YOUR ASSIGNMENT: For the material below, output exactly the span from the line with "Diadermine Lift+ Super" to the line with "Schleich Colourful Spring Calf", including both, and nothing besides.

DATA SUPPLIED:
= = = = = = =

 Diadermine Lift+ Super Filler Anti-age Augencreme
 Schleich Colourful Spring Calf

= = = = = = =

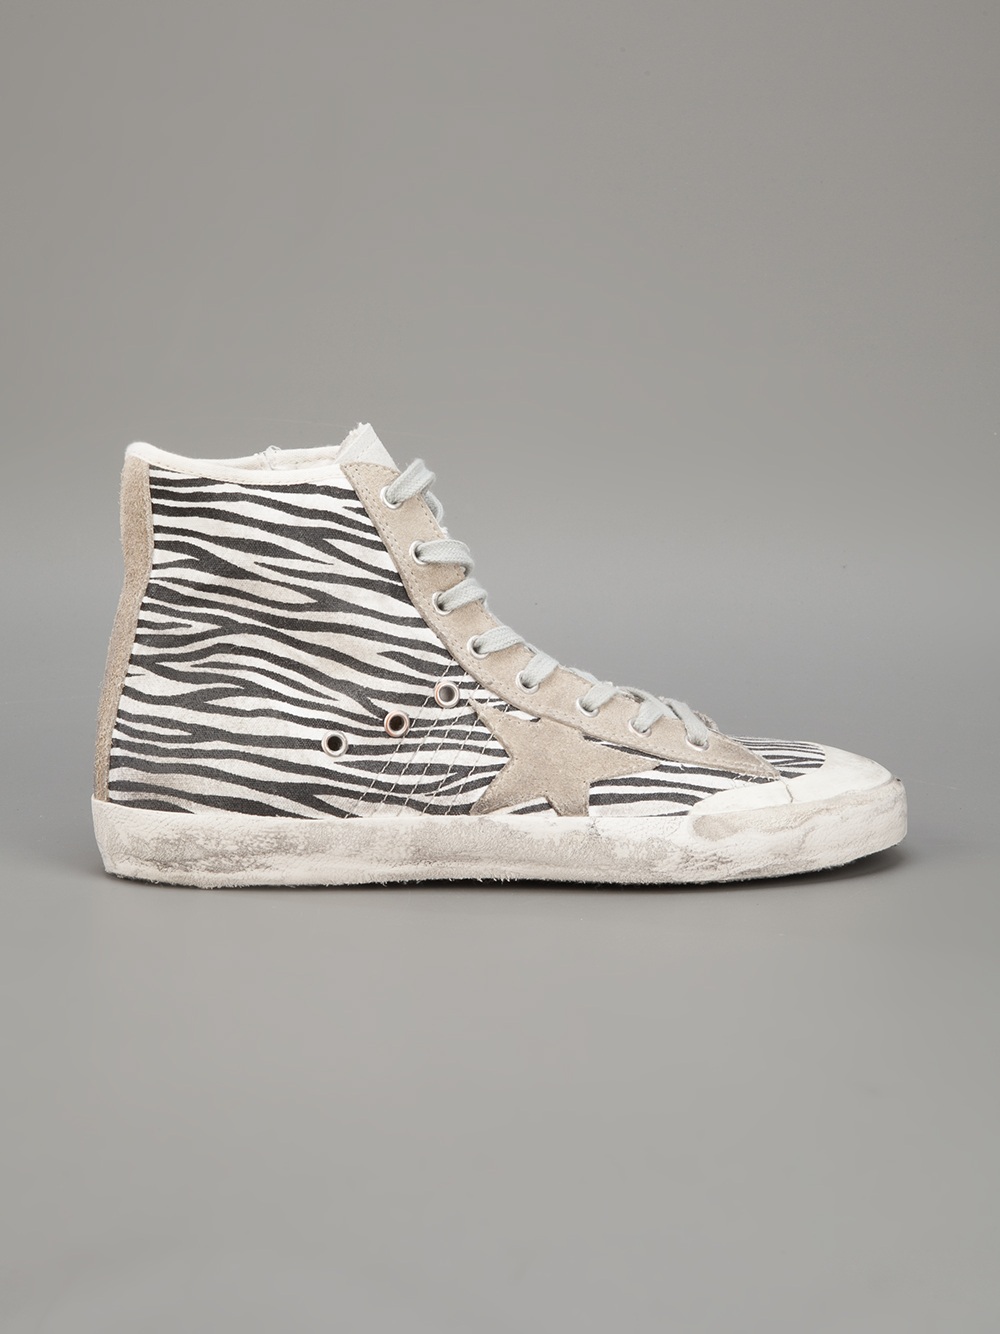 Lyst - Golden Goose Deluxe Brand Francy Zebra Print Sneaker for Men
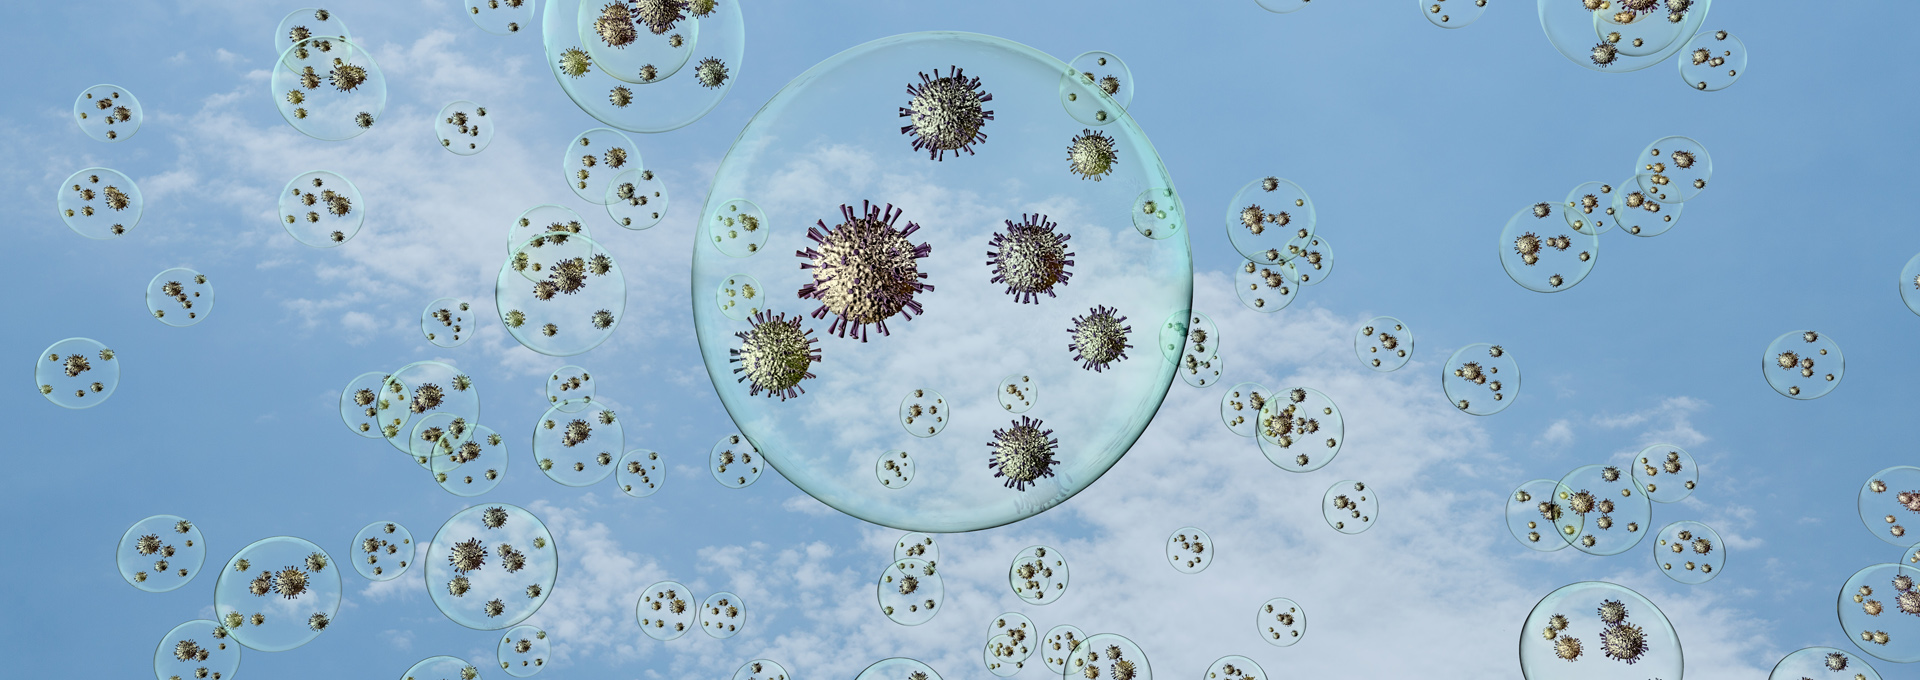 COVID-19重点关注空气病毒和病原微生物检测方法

= = = = = = =

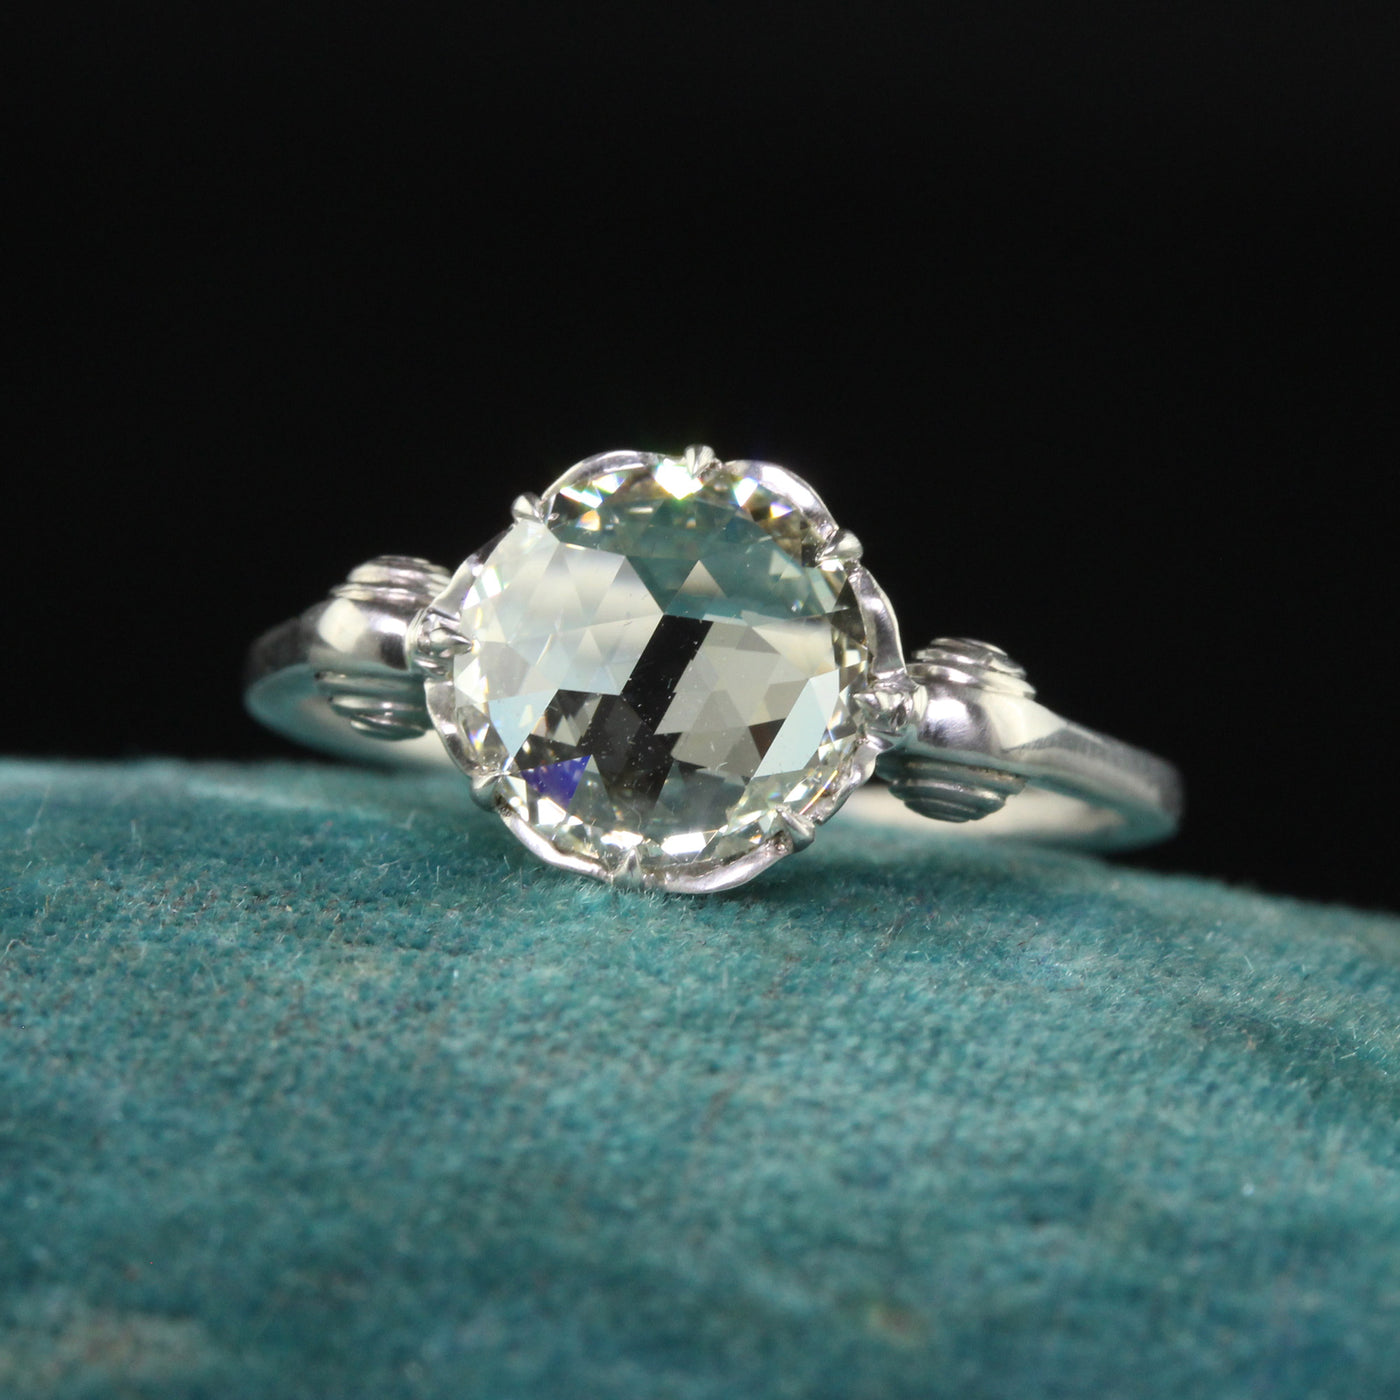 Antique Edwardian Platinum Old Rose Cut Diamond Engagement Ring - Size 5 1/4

= = = = = = =

YOUR SOLUTION:
 Diadermine Lift+ Super Filler Anti-age Augencreme
 Schleich Colourful Spring Calf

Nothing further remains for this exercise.